Tidak susah, kau ternyata begitu populer di dunia maya. Aku bisa menemukan
data-datamu dalam sedetik saja, bahkan alamatmu muncul begitu jelas. Setelah
itu aku aku tak segera menemuimu, aku masih belum yakin. Aku pergi ke pulau
dimana para Dewa berkumpul. Pulau dengan seribu pantainya yang indah. Pulau
bernama Bali. Pergi untuk menenangkan diri.
--
Bali,
pulau ini sudah sungguh lama membuatku tenang. Pulau ini menjawab keyakinanku
yang kuat pada adanya dewa dewi. Orang – orangnya yang punya keramaian khas
selalu membuatmu betah. Oh iya, aku hampir lupa, ada tempat bernama The Bay
Bali. Tempat ini yang selalu membuatku kembali. Tempat ini yang selalu jadi titik
tempat aku menyendiri, memikirikan banyak hal. Dan kali ini, kau adalah hal
yang kupikirkan. Pertama kali aku memikirkanmu lagi ketika menyusuri pasir
pantai yang lembut di De Opera Beach Club. Semilir angin pantai mengantarkan
ingatanku padamu. Atau itu mungkin cara para dewa di pulau ini membuatku kembali
ingat padamu? Entahlah, tapi aku sungguh bahagia.
Keesokan
harinya sebenarnya aku sedang tidak mood melakukan apa-apa, tapi aku memilih
melangkahkan kaki ke salah satu sisi The Bay Bali, namanya Pirates Bay.
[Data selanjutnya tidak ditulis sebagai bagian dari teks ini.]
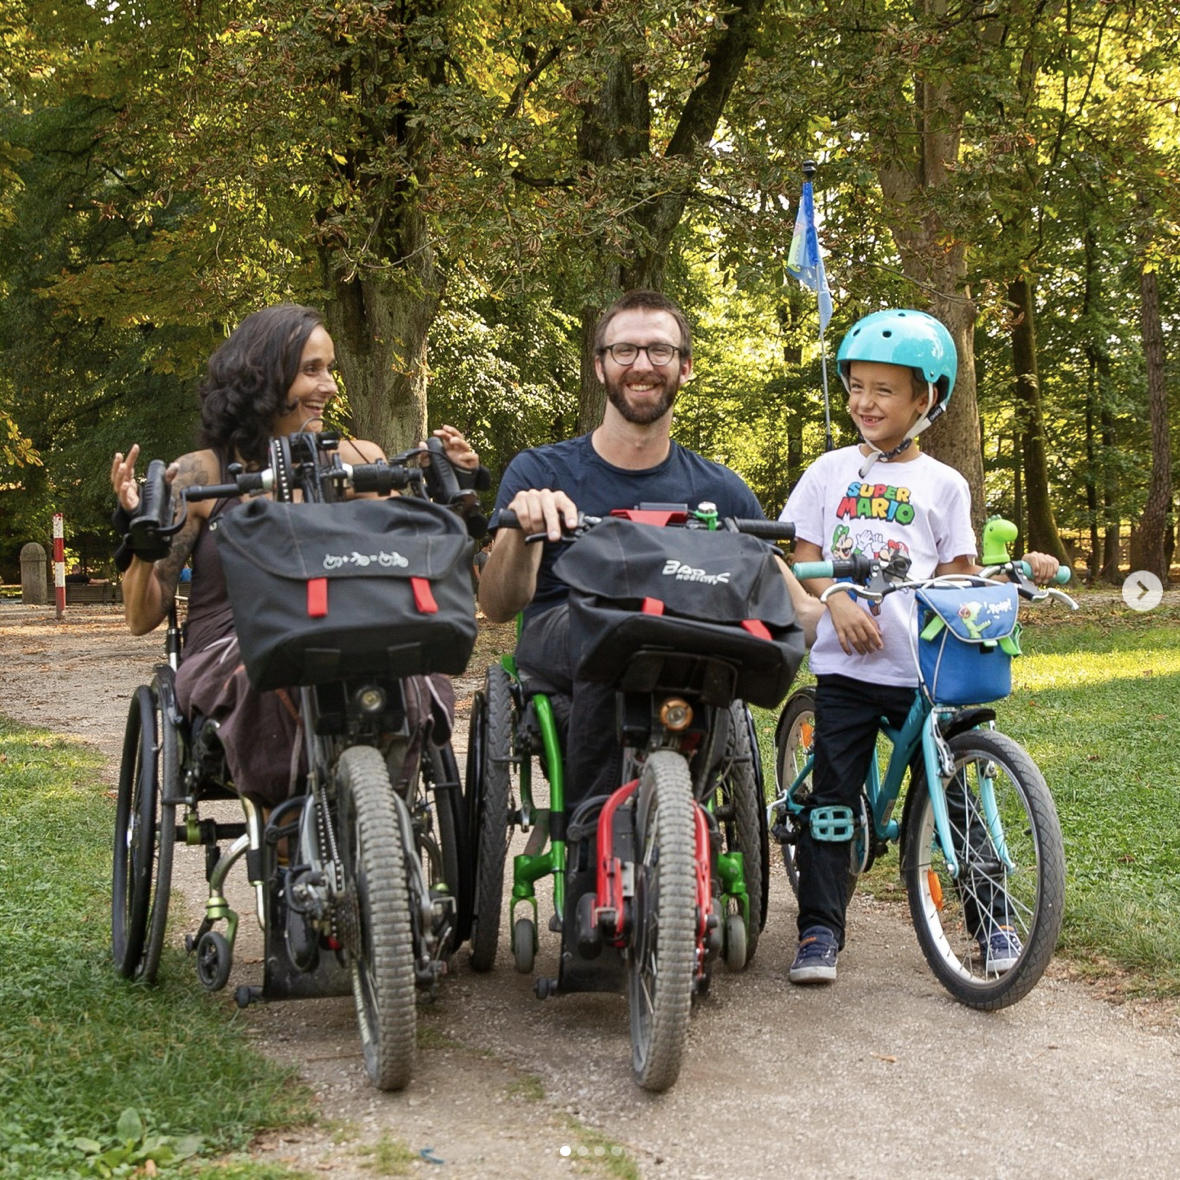 two adults and a child outdoors at a park with trees and dirt trail. Both the woman and the man are using wheelchairs that have an electric handbike attached and a large black bag on the front of each handbike. The child, is using a bike with a blue triangular flag on the back, and is wearing a blue helmet and a Super Mario t-shirt. They are all smiling. The woman has medium toned skin and shoulder length dark brown wavy hair. The man has lighter skin, short medium brown hair and beard. The child appears to be about 8 to 11 years old.

Tempat
ini sungguhlah unik, aku suka melihat tema yang mereka angkat, bajak laut.
Salah satu kisah yang mungkin sangat populer untuk anak-anak. Seperti kisah
kapten Hook di kisah Peterpan, atau Sinbad si bajak laut terkenal. Aku bahkan
baru menyadari itu ketika melihat ramainya anak-anak di tempat ini. Ah,
anak-anak aku jadi ingat kau lagi. Seseorang yang mungkin pernah kutemui di
suatu masa, entah dimana. Perasaanku, jadi semakin kuat. Kembali kucari namamu
di dunia maya lewat layanan internet disana. Dapat. Aku harus segera kembali
dari Bali. Kembali ke kota. Aku harus menyampaikan sesuatu padamu.
--
Akhirnya
berbekal perasaan yang sangat aneh dan ingatan yang sangat kecil itu, akupun
berniat menuliskan surat ini padamu. Jelas tanpa ada namaku dan namamu tertera
di dalam dan sampulnya. Suratnya pun langsung kuantarkan ke kotak surat depan
rumahmu. Mungkin kau akan berpikir penulis surat ini sedikit kurang waras dan
kau pun tidak paham arti kata-kata yang kutulis ini. Tapi ya sudah, aku juga
tidak berharap apa-apa. Aku hanya ingin menuntaskan rasa penasaran sekalian
menyampaikan apa yang tak sempat kulakukan waktu kita bertemu pertama kali.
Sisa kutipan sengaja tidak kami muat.